Ist Technik notwendig?

Ja, denn um ein Aquarium dauerhaft zu betreiben, sind verschiedene technische Geräte notwendig. Wenn die Frage geklärt ist, welche Art von Aquarium nun den Weg ins heimische Wohnzimmer finden soll, landet man zwangsläufig beim nächsten Punkt: Was benötige ich dazu? 

Generell gilt: Licht, Filter und Heizung sind das Mindeste, um ein Aquarium dauerhaft zu betreiben und dementsprechend muss man diese technischen Geräte an die Größe des Aquarium, sowie an den Besatz der kommenden Pfleglinge anpassen.  

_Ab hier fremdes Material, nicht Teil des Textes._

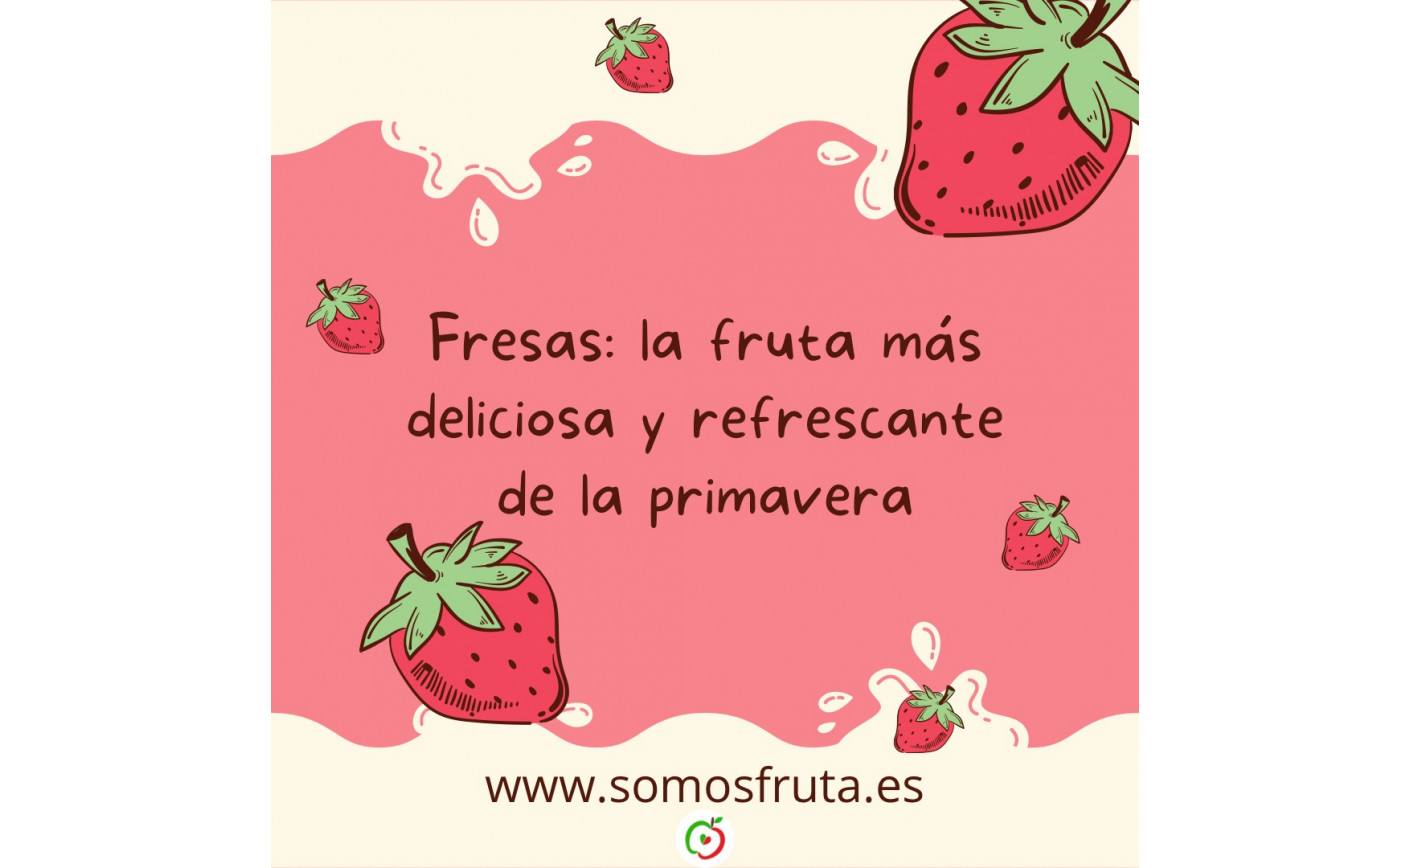 Fresas: la fruta más deliciosa y refrescante de la primavera
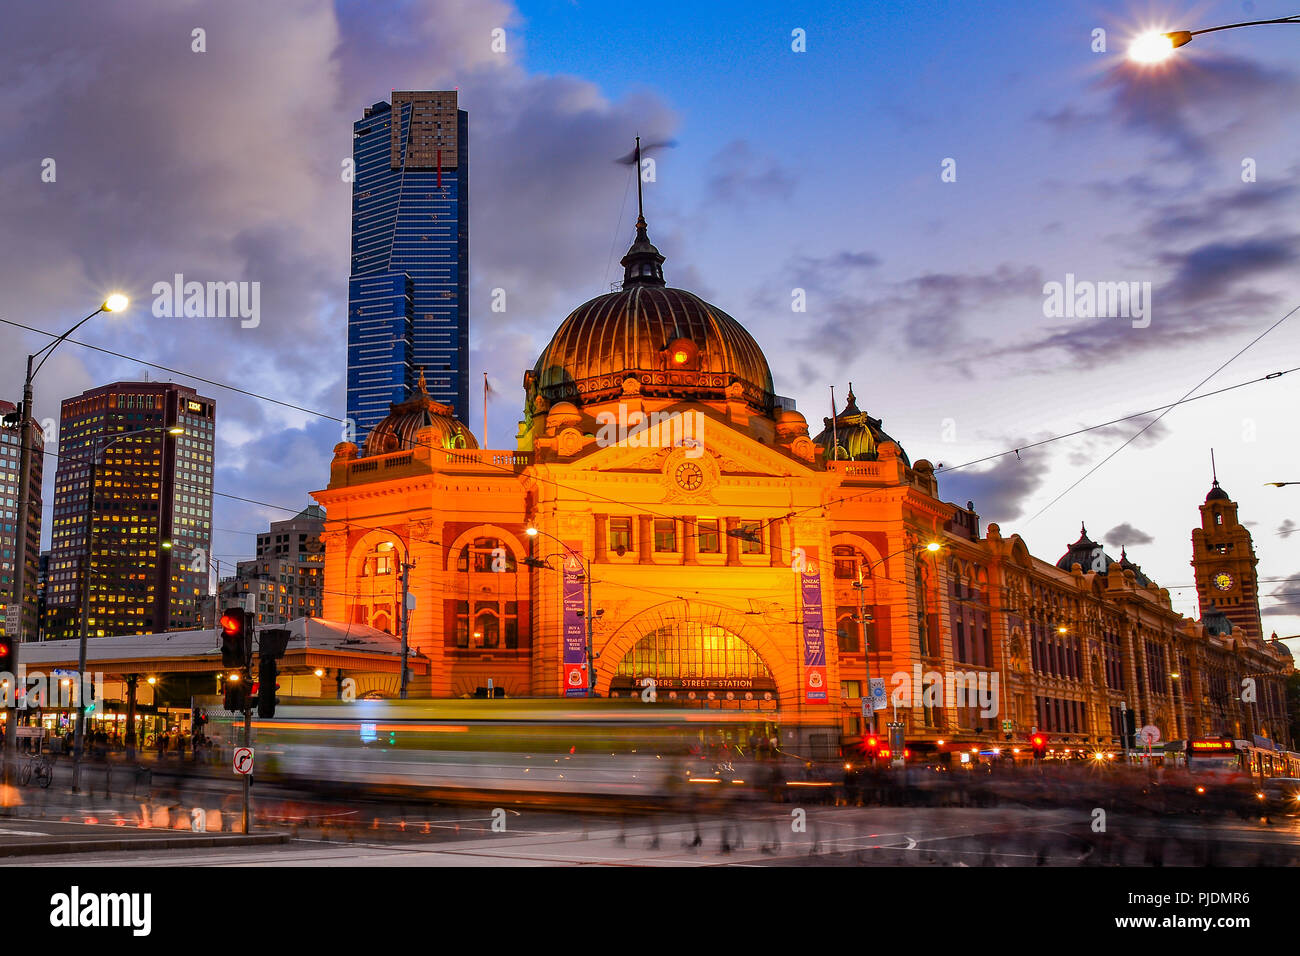 La estación de Flinders Street en la noche, el monumento más famoso de Melbourne Foto de stock

Fragen in Bezug auf Stromverbrauch müssen vorher geklärt sein und gerade hier wird aber häufig der Fehler begangen, das kleinere Gerät zu wählen, um ein Aquarium sparsam zu betreiben. Dies birgt in seiner Konsequenz die dann vielfach zu beobachtenden Probleme, welche sich nach einiger Zeit einstellen und im Umkehrschluss dann wieder zu Mehrkosten führen. Probleme zeigen sich dann z.B. in einem verminderten Pflanzenwuchs mit den dadurch resultierenden Schwierigkeiten für andere Beckeninsassen. 

Licht - Leuchtstoffröhren

Fast alle Komplettaquarien kommen mit einer doppelten Röhrenkombination daher. Es ist wichtig zu wissen, dass Leuchtstoffröhre 
nicht gleich Leuchtstoffröhre ist, denn die Lichtleistung ist der maßgebliche Faktor für ein gesundes Pfanzenwachstum im Aquarium. 
Bis zu einer Beckenhöhe von etwa 50cm sind die handelsüblichen T8-Leuchtstoffröhren (Röhren mit 25mm Durchmesser) durchaus ausreichend. Überschreitet man aber diese Höhe wird nur noch ein Bruchteil des Lichtes am Bodengrund des Aquariums ankommen und die dort wachsenden, klein bleibenden Pflanzen erhalten nicht genügend Licht. 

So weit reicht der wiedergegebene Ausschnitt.